By: Eric Sprott and David Baker

As we approach the end of 2011, the silver spot price has admittedly endured a tougher road than we would have expected. And let’s be honest – what investment firm on earth has pounded the table on silver harder than we have? After the orchestrated silver sell-off in May 2011 (please see June 2011 MAAG article entitled, "Caveat Venditor"), silver promptly rose back to US$40/oz where it consolidated nicely, only to drop back below US$30 within a two week span in late September.1 The September sell-off was partly due to the market’s disappointment over Bernanke’s Operation Twist, which sounded interesting but didn’t involve any real money printing. Like the May sell-off before it, however, it was also exacerbated by a seemingly needless 21% margin rate hike by the CME on September 23rd, followed by a 20% margin hike by the Shanghai Gold Exchange – the CME’s counterpart in China, three days later.

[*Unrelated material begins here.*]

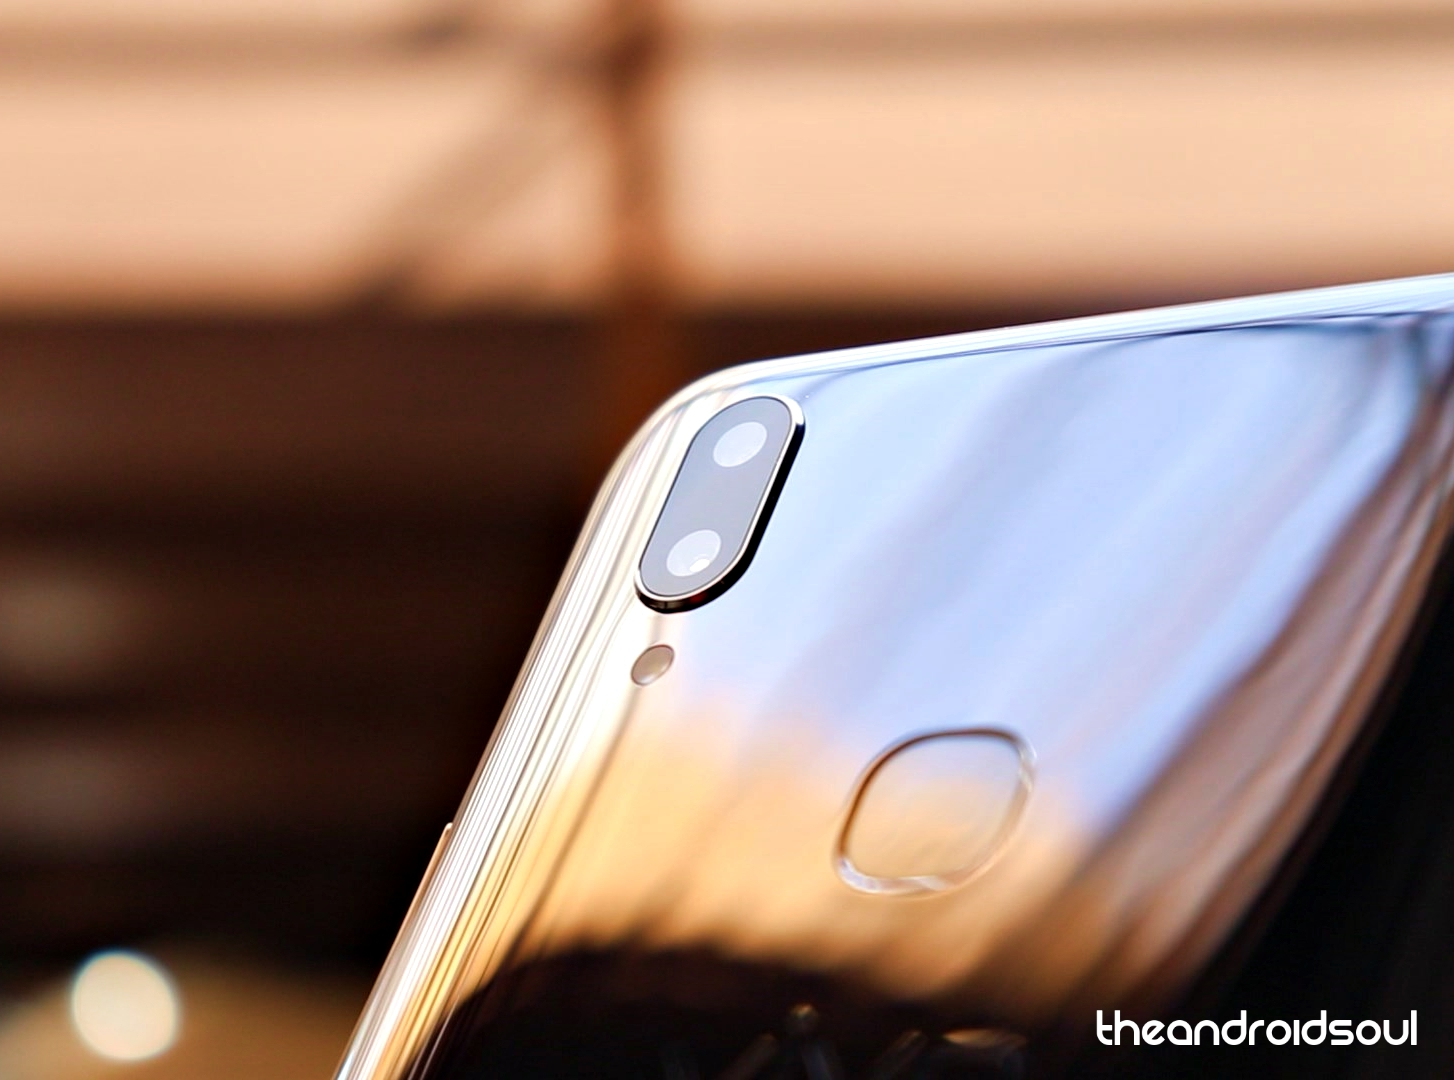 Vivo V9 vs iPhone X: Camera review and comparison

The paper markets still dictate the spot market for physical gold and silver. When we talk about the "paper market", we’re referring to any paper contract that claims to have an underlying link to the price of gold or silver, and we’re referring to contracts that are almost always levered. It’s highly questionable today whether the paper market has any true link to the physical market for gold and silver, and the futures market is the most obvious and influential "paper market" offender. When the futures exchanges like the CME hike margin rates unexpectedly, it’s usually under the pretense of protecting the "integrity of the exchange" by increasing the collateral (money) required to hold a position, both for the long (future buyer) and the short (future seller). When they unexpectedly raise margin requirements two days after silver has already declined by 22%, however, who do you think that margin increase hurts the most? The long buyer, or the short seller? By raising the margin requirement at the very moment the long contracts have already received an initial margin call (because the price of silver has dropped), they end up doubling the longs’ pain – essentially forcing them to sell their contracts. This in turn creates even more downward price pressure, and ends up exacerbating the very risks the margin hikes were allegedly designed to address.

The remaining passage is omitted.